Of course there are also benefits to the
investment manager, board of directors or liquidator of a collapsed fund in
encouraging the sale of such shareholders claims. The numerous, typically
disgruntled, investors are consolidated into those that have a risk appetite,
understanding and willingness to be in the asset class and can even, where
merited, source complementary capital such as funding litigation. 

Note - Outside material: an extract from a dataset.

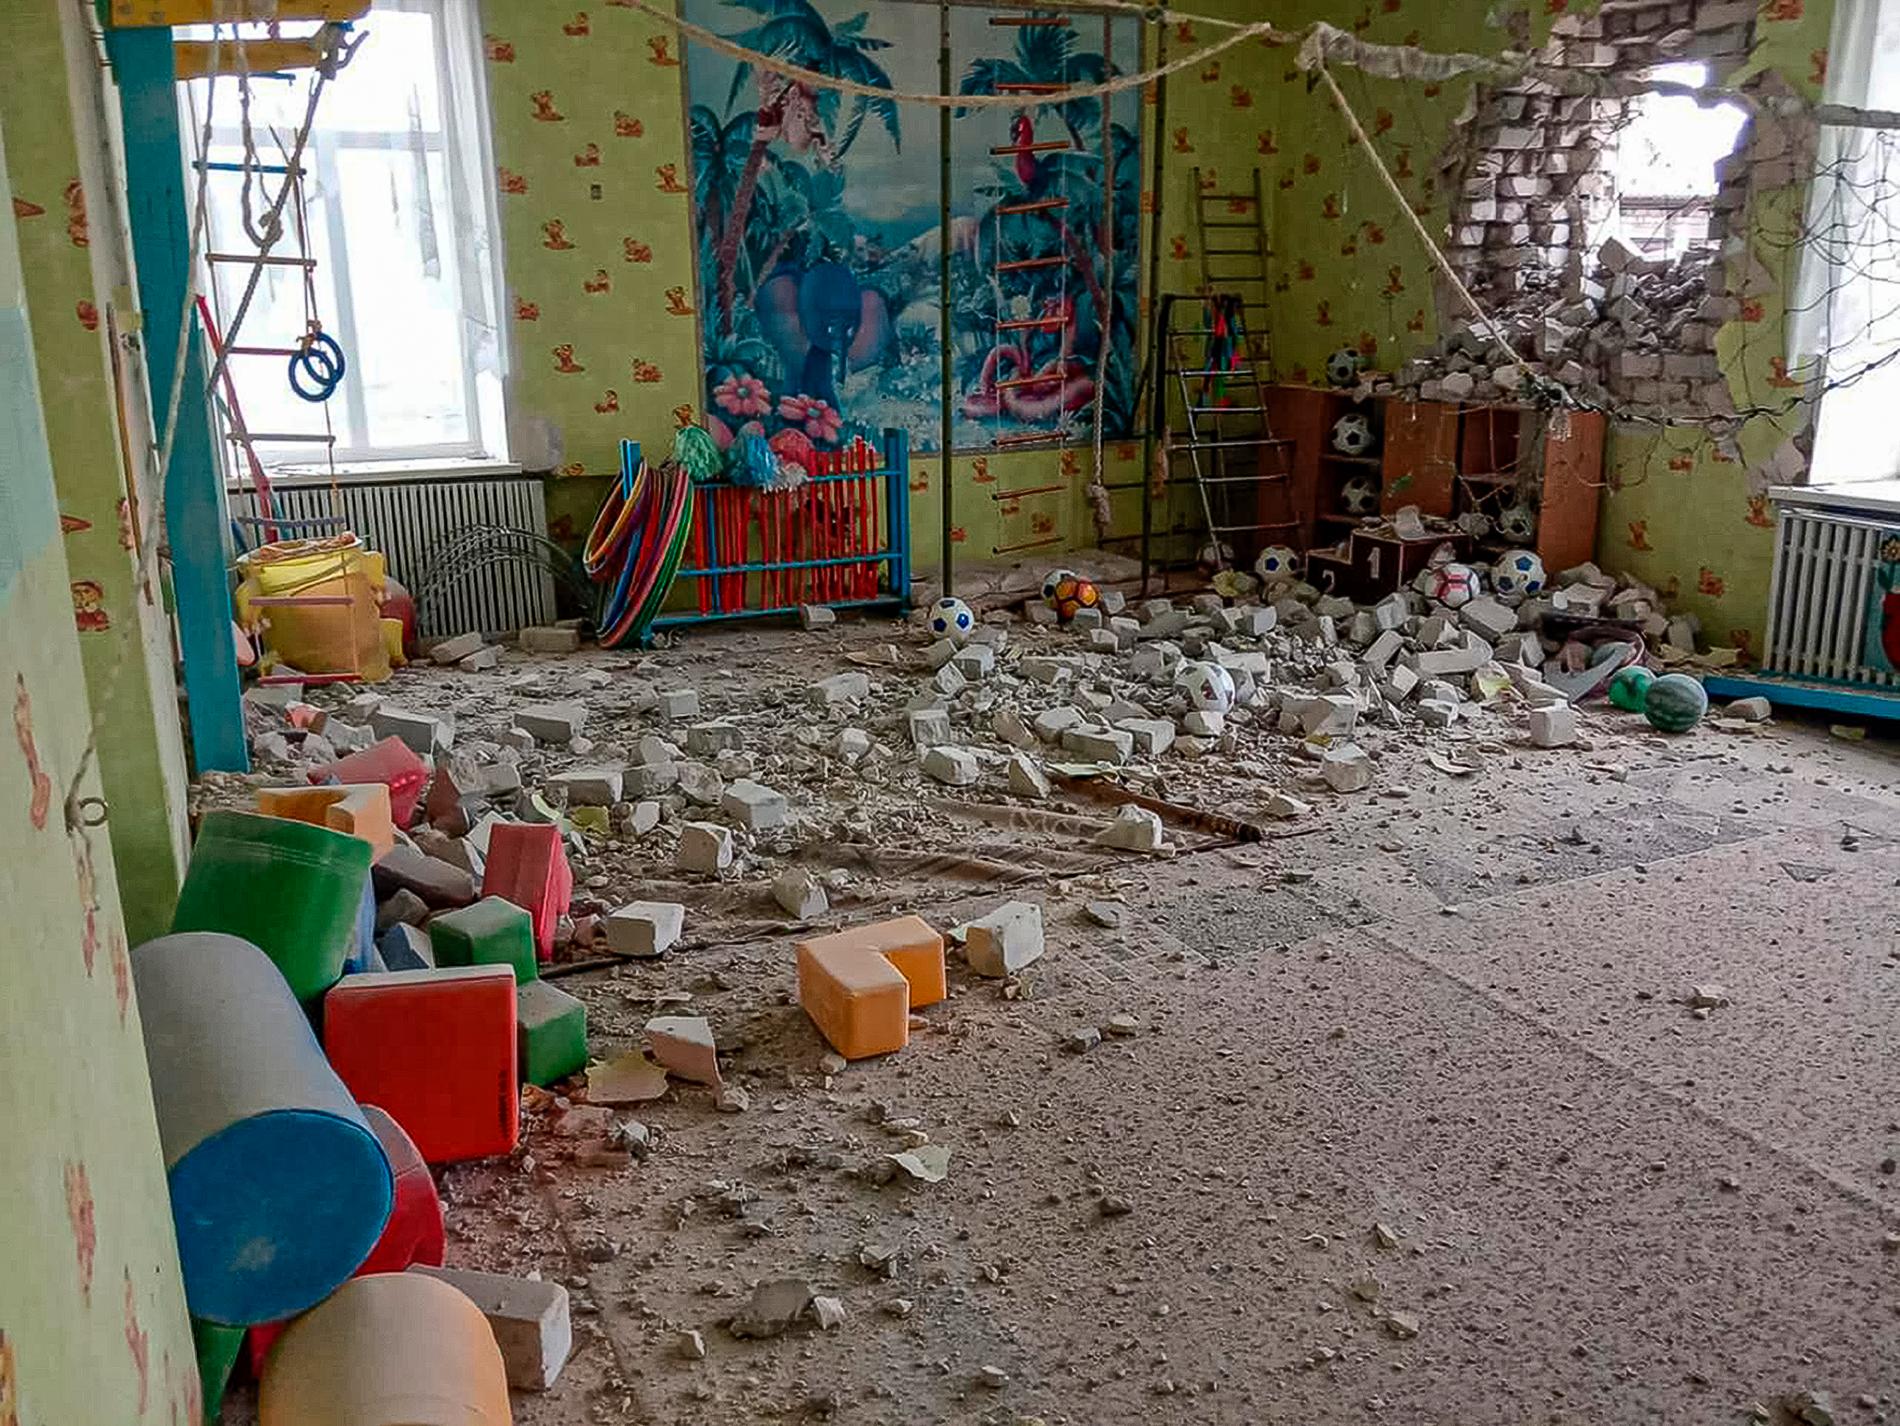 På bilder från platsen kan man skymta ett stort hål i förskolans tegelfasad. På golvet ligger leksaker blandat med tegel och damm.

Both direct and indirect claims are
further impacted by issues the Madoff estate itself faces. For example the
basis upon which distributions will be calculated (the denominator). The US
courts have ruled that victim’s losses will be calculated on a money in/money
out methodology rather than a last statement methodology. However, this is
subject to appeal, the outcome of which could have a very material impact such
as increasing the denominator upon which distributions are calculated by
several multiples. 

In summary there is a growing appetite
for the acquisition of illiquid assets of all classes be they bankruptcy
claims, suspended fund of funds, credit securities or residual private equity
or other asset portfolios. Adam Levitin of the Georgetown University Law Centre
views “the creation of a market in bankruptcy claims is the single most
important development in the bankruptcy world since the Bankruptcy Code’s
enactment in 1978”. Each such transaction contributes to the healing of the
market by unlocking capital, creating liquidity and ultimately a more efficient
world.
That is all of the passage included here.